Прощанье было суровым и коротким.

— Что ж… Иди, сынок… Подводы все уж тронулись,— сдержанно сказала Ульяна и холодно глянула Тимку в глаза.

Он стоял, сняв картуз, опустив голову, и мать не видела его лица — одни лишь черные как смоль, буйные кудри. Вспомнила, как он, побитый мальчишками или старым Онькой, приходил к ней, стоял вот так с опущенной головой, не жалуясь ни единым словечком,— и поняла, что ему тяжело, что ее материнский долг — утешить его. Но она знала, что слова не помогут, и положила ему на голову свою сухую, огрубевшую от работы руку, погладила кудри и почувствовала, как от этого прикосновения что-то кольнуло ее в сердце. Она прижала к груди голову сына, поцеловала ее коротким поцелуем, перекрестила и легонько оттолкнула от себя:

— Ну, иди, сынок… Бог в помощь!

Тимко надел картуз, не поднимая глаз, повернулся и, спотыкаясь, пошел прочь. За ним изо всех сил заковылял Гаврило, а чуть поодаль босиком брела Орыся.

Шли молча. Возле Беевой горы остановились. Братья молча обнялись, сжали друг другу руки. Обычно румяное лицо Гаврилы теперь побледнело.

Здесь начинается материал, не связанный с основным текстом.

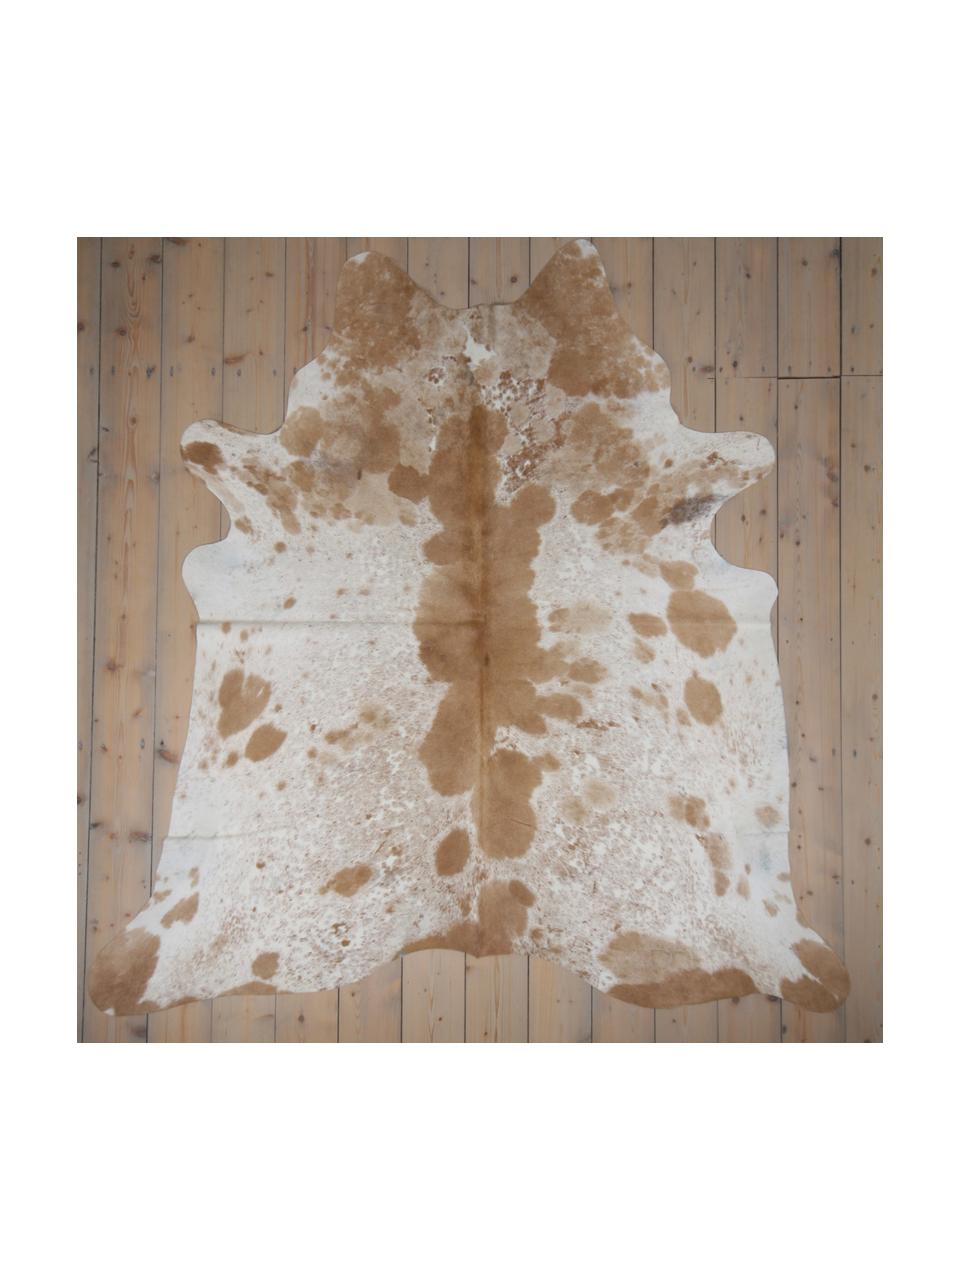 Tappeto in pelle di mucca Gonzarius, Pelle bovina, Marrone cognac, bianco, Pelle di mucca unica 1065, 160 x 180 cm

— Смотри, чтоб сейчас же написал, в какую часть тебя назначат.

Тимко криво усмехнулся:

— Не до этого будет…

— Береженого бог бережет…

— Оно, может, и так.

— Ну, счастливо!

— Будь здоров!

Тимко с Орысей быстро пошли дальше, а Гаврило еще долго стоял на дороге, провожая взглядом высокую и по-юношески нескладную фигуру брата.

«Пошел и слезы не обронил,— думал Гаврило, часто моргая добрыми глазами, из которых трудно выкатилась скупая мужская слеза.— Каменное сердце… А может, оно и лучше с таким сердцем… Легче на войне будет…»

На самой вершине Беевой горы Тимко и Орыся остановились.

Село раскинулось внизу, и они долго смотрели на него, не говоря ни слова. Там прошло их детство, там жили их отцы и деды, там родилась их любовь, там пришла к ним и разлука, а тут, на вершине горы, под ясным небом, среди зеленого раздолья пахучей степи, у родного порога,— кто его знает, кто угадает,— может, тут и кончится их любовь.

— Тимко, я буду любить тебя, буду ждать,— тихо проговорила Орыся, нежно сжимая его руку. Рука была смуглая, такая дорогая и родная, и на ладони, как заклепки на плуге, блестели мозоли.— День и ночь судьбу буду молить, чтобы ты живой остался. А не дай бог что случится — и моя жизнь пропала. Я уже больше никого на свете любить не буду.